Most of the practices in modern farming were driven by research and advice, but the direction of travel was set by bigger companies, who drove the race to the bottom on prices, and ultimately by consumer choices and export requirements.

A cheap food policy does nothing for sustainability

With cheap food being the major pressure, primary producers were forced to find production efficiencies to survive.

These became the drivers and traditional practices driven by true sustainability were discarded. Back then, farmers produced much more of the food for their families. Now, food is so cheap that it would not pay a farmer for his/her time and cost to produce those few drills of vegetables.

A cheap food policy does nothing for sustainability and while the language of Farm to Fork is pushing sustainable practices back on to farmers, there is little in it to suggest a significant deviation from a cheap food policy.

Pay the piper

Some companies appear to be recognising the fundamental issues in the need for changes at farm level. Farmers have great difficulty thinking green when they are farming in the red, or very close to it.

Profitability is essential to drive change and, therefore, the driver of real sustainability is economics and product price differentiation.

A few large players have already taken this approach and are offering price premia to suppliers who meet agreed sustainability protocols.

There are a number of such payments in the dairy sector and Irish Distillers is now paying a price premium to growers who meet a range of sustainability criteria.

The more farmgate prices revert to those of commodities, the greater is the pressure on farm margins and incomes

Where a price premium exists, farmers can quickly access the cost-benefit of going down that road. Those in the food chain who want it know they have to pay for it. It is easy to judge the worth of these premia when a market remains for conventional product. Many farmgate produce buyers are being, or will be, forced to take broadly similar measures over time.

The fear is that all producers will be pushed towards specific standards and practices that add cost. But when sustainable practices become the ‘norm’, will these essential payments continue? The more farmgate prices revert to those of commodities, the greater is the pressure on farm margins and incomes.

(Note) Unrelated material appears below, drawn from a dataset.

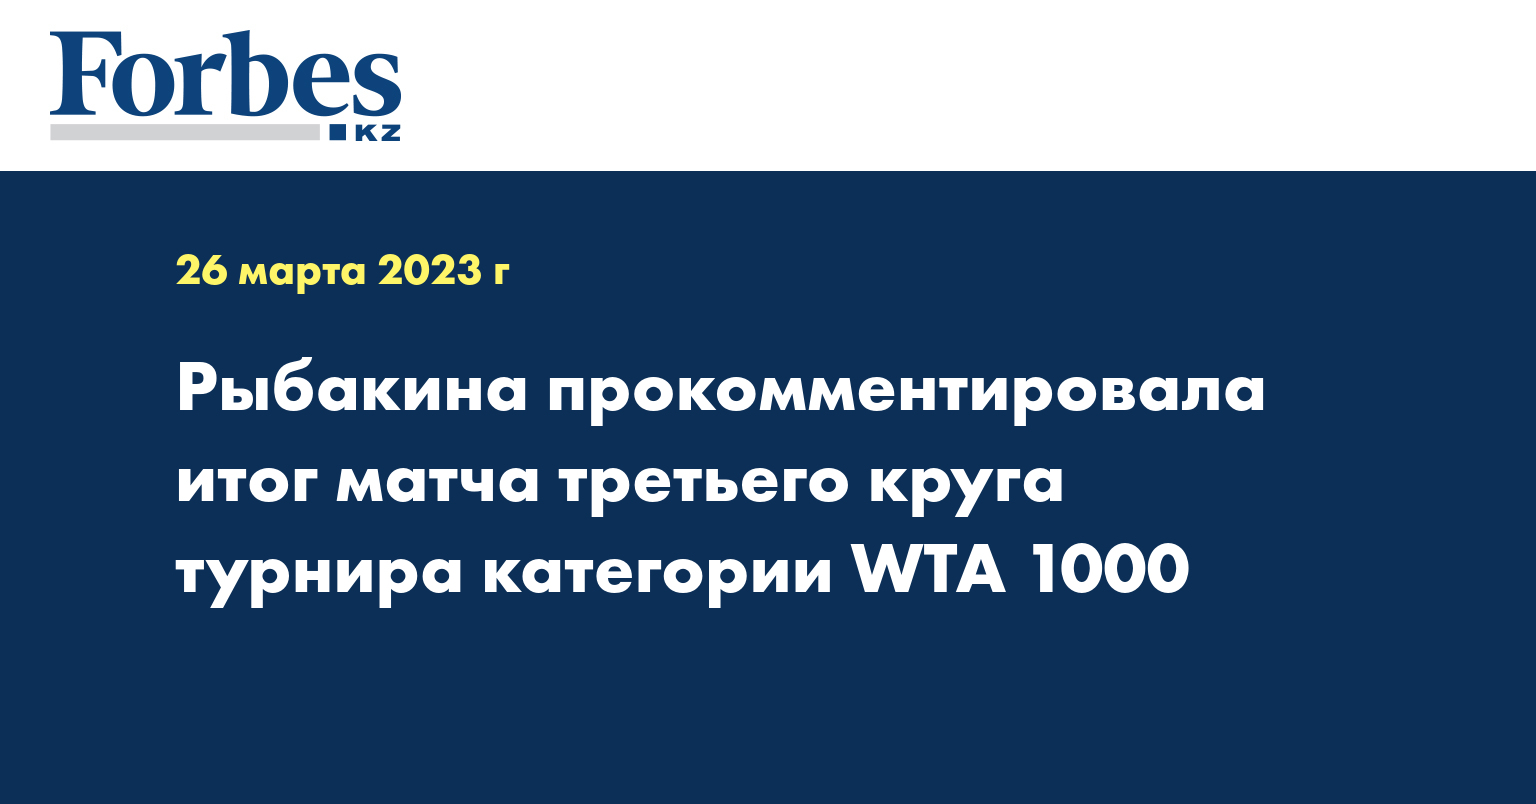 Рыбакина прокомментировала итог матча третьего круга турнира категории WTA 1000

The EU seems to want sustainability at no extra cost, but this seems impossible

Ultimately, this is largely what brought about the loss of sustainable practices in the first place. Farmers have good reason to believe that double standards exist in the food chain, with native suppliers being forced to jump through hoops to have the right to supply, while cheap imported product is used in the same process.

A successful drive for sustainability will depend on having an official watchdog, plus the vigilance of consumers. When traceability was imposed on the food chain, it quickly became a right to sell and a net cost to producers. The EU seems to want sustainability at no extra cost, but this seems impossible.

Get farm savvy

Against this background, farmers need to concentrate on getting a premium when it is available. But the greater focus must be on doing the simple things well on farm. These are the things that bring output benefit or cost reduction.

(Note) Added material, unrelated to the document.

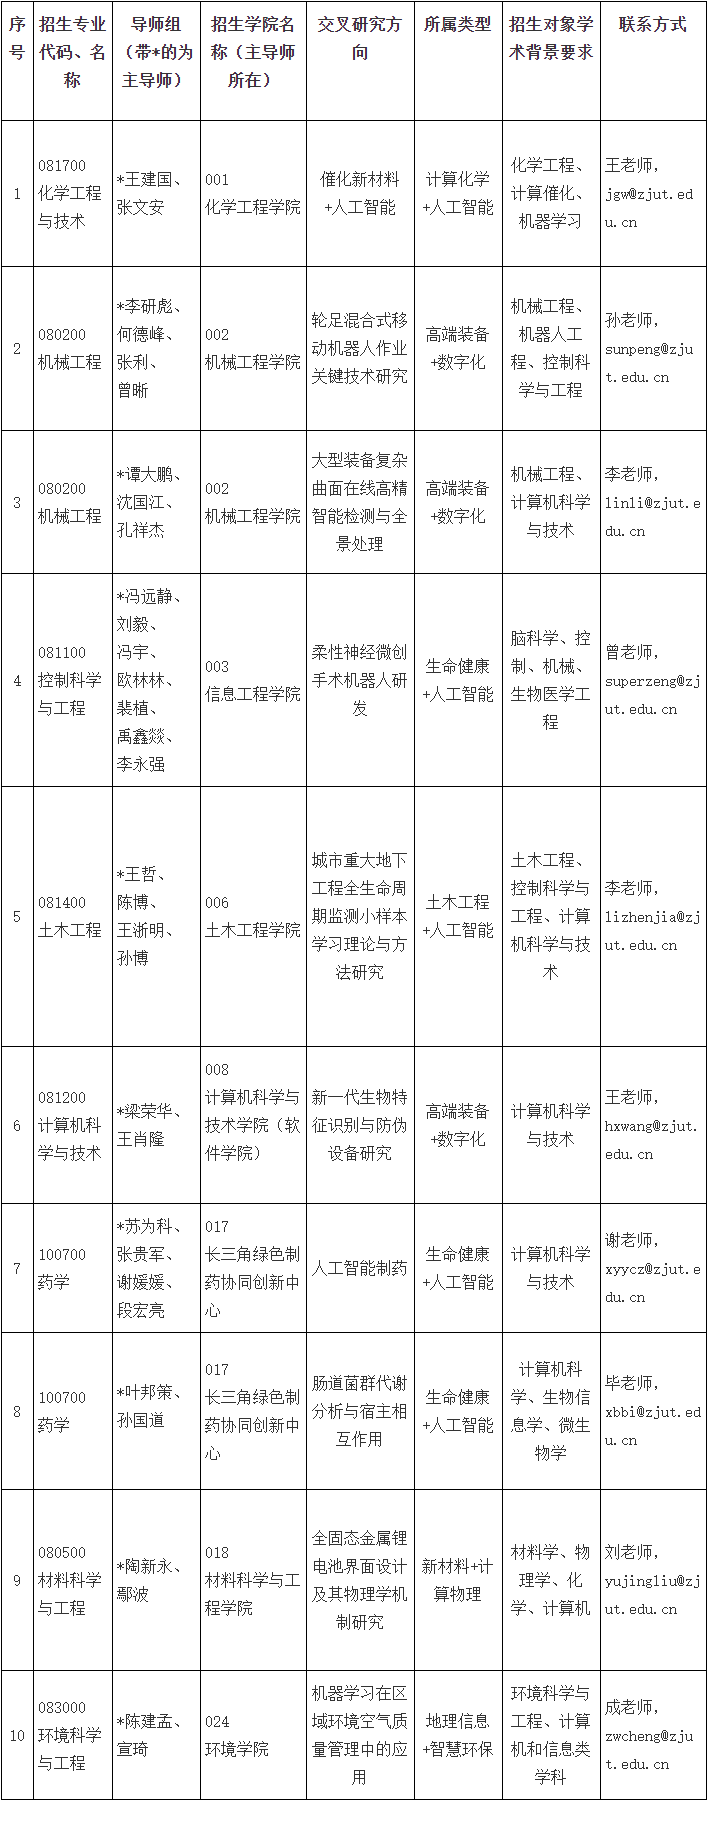 浙江工业大学2023年学科交叉培养博士研究生专项计划招生简章

These may or may not come under the sustainability premium banner, but these actions are likely to be the most durable responses over time.

Kerry Group pushing to 100% renewable electricity

Renewable energy is one of many strings in the sustainability bow. We see refrences to the use of technologies that use sunlight, anaerobic digestion and wind to generate power for farm requirements such as water heating, running large storage fridges, etc, and, for processing, the operation of industrial drying facilities.

Renewable energy can be as small as a photocell to charge your phone, roof panels for jobs such as heating water or photovoltaic panels to produce electrical power. Projects can vary in size and scale right up to the Project Clover proposal to produce a significant quantity of biogas to replace fossil fuels for the thermal energy requirement in drying milk.

The move is claimed to decrease its carbon footprint by over one million tonnes between now and 2025

Most of these fade into insignificance in comparison to the recent announcement by Kerry Group that it will use 100% renewable electricity by 2025. This is not just in Ireland, but across all its global operations. The move is claimed to decrease its carbon footprint by over one million tonnes between now and 2025.

Kerry announced that the transition to 100% renewable electricity is part of its goal to cut its operational emissions by 33% over the next decade and to reach net-zero emissions before 2050. It is using a broad range of measures across its global business to support its transition to its broader goal of net zero carbon.

While the move to renewable energy will have an immediate impact, some of the other measures necessary to achieve its objectives will take much longer to take effect.